Any questions? Any questions not about the Hulk?

As a longtime comic book fan I rejected the “Ultimate” line from Marvel Comics. The “Ultimates” were a reboot of the Marvel Comics universe without any overlap or baggage from the true universe. Their artwork seemed geared towards children and appeared to rehash the origins I already knew. So I chose not to read any Ultimate Spider-Man, or whatever other books they released, until that universe came crashing down, killing off a great deal of its main characters. That no longer seemed like kid’s stuff to me.

Black Widow, Captain America, and Gen. Nick Fury

Black Widow, Captain America, and Gen. Nick Fury

I would say that these are not the Avengers familiar to those who have enjoyed Iron Man, The Incredible Hulk, Thor, and Captain America: The First Avenger, and The Avengers, but that would be a lie. At first I thought the only connection between those movies and the “Ultimates” was that Nick Fury went from a white, cigar chomping, one eyed, World War II veteran to a comic rendering of Samuel L. Jackson, who was too young to have fought in WWII. In fact, most of the storyline elements come from this “Ultimates” timeline.

Most of the Avengers: Captain America, Iron Man, Black Widow and the Wasp.

Most of the Avengers: Captain America, Iron Man, Black Widow and the Wasp.

As I did not read those books, I gleaned a lot from this 2006 cartoon movie. I would recommend this 75 minute movie as a history lesson. It was one for me. And here are some of the differences between the Marvel canon and from The Avengers and Ultimate Avengers: The Movie.

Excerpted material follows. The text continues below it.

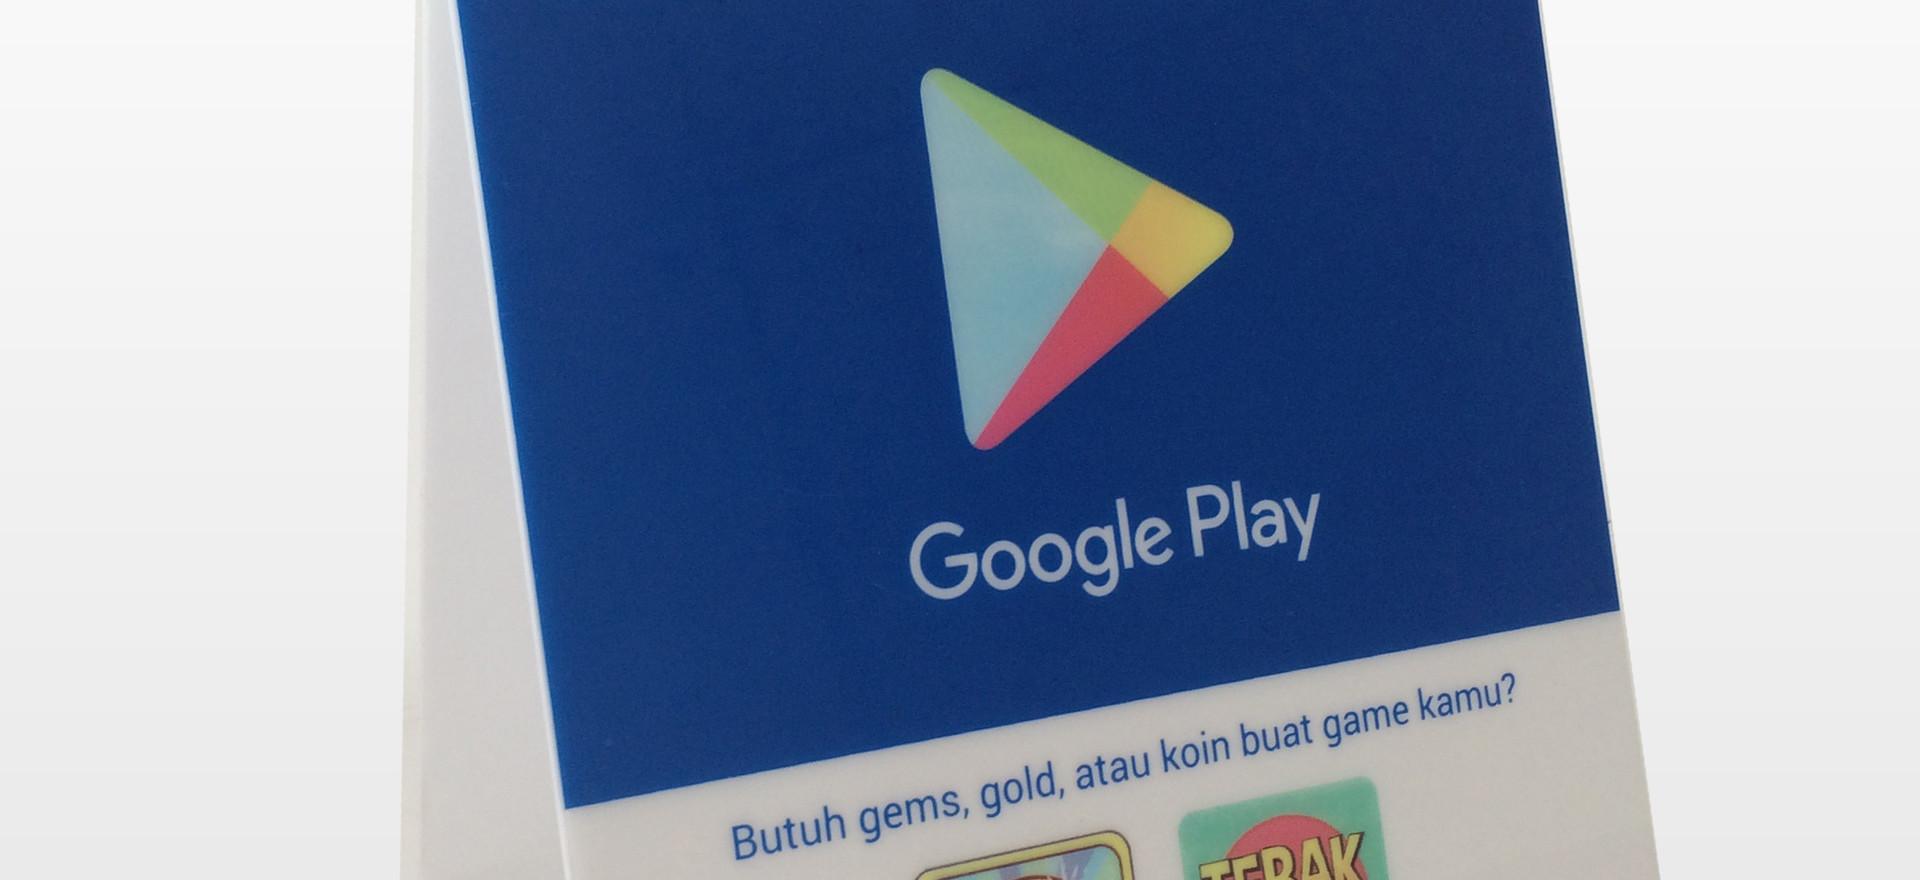 POP Acrylic Tent Card - Google Play Mockup

  • Dr. Bruce Banner and becoming the Hulk — originally Dr. Banner turned into the Hulk when a nuclear gamma bomb doused him in a huge amount of gamma radiation; but in the Ultimates he was attempting to recreate the Super Soldier Serum©.
  • Steve Rogers and becoming Captain America — this origin is consistent, it is the rebirth that differs. Originally the Avengers find Cap’n America in the late 1960’s, but now it is S.H.I.E.L.D. and his recovery is much later.
  • The Wasp and Ant Man, aka Giant Man — originally the Black Widow was a villain and the Wasp–Janet Van Dyne–was the only female founding member of the Avengers. She had a relationship with Hank Pym, who could initially only shrink down, but eventually learned to turn himself gigantic. Pym was the resident genius ahead of Iron Man, who kept his identity secret longer in the Marvel comics than in the Ultimates or in Iron Man.
  • The formation of the Avengers — the Avengers were initially formed as a response to Loki…but there was no S.H.I.E.L.D. and Nick Fury had nothing to do with it. In the Ultimates Fury seems to have recruited them, as shown in live action movie as well. In fact, the Chitauri invade in both of these movies as well, but without Loki’s assistance in Ultimate Avengers: The Movie.
  • Back to the Black Widow — I guess at some time she did join S.H.I.E.L.D., but that was long after she joined the second iteration of the Avengers. Hawkeye, “Agent Barton” in Thor and The Avengers was also a reformed villain who aligned with Captain America when the original Avengers quit; but in the Ultimates Black Widow’s past is already behind her and she is a S.H.I.E.L.D. agent.
  • And lastly Thor — Thor gets his costume from Thor in the Ultimates universe, although Mjolnir—his hammer—looks unlike either the Marvel universe or movie versions. His origins on Earth differ in this movie, his movie, and in the original Marvel comics.
Thor trying to stop the Hulk, with Mjolnir's help.

Thor trying to stop the Hulk, with Mjolnir’s help.

As I said, this is a colorful, and at times enjoyable, history lesson. It could use an English accent for some narration, but otherwise this would have been a dream come true to watch in 9th grade history class.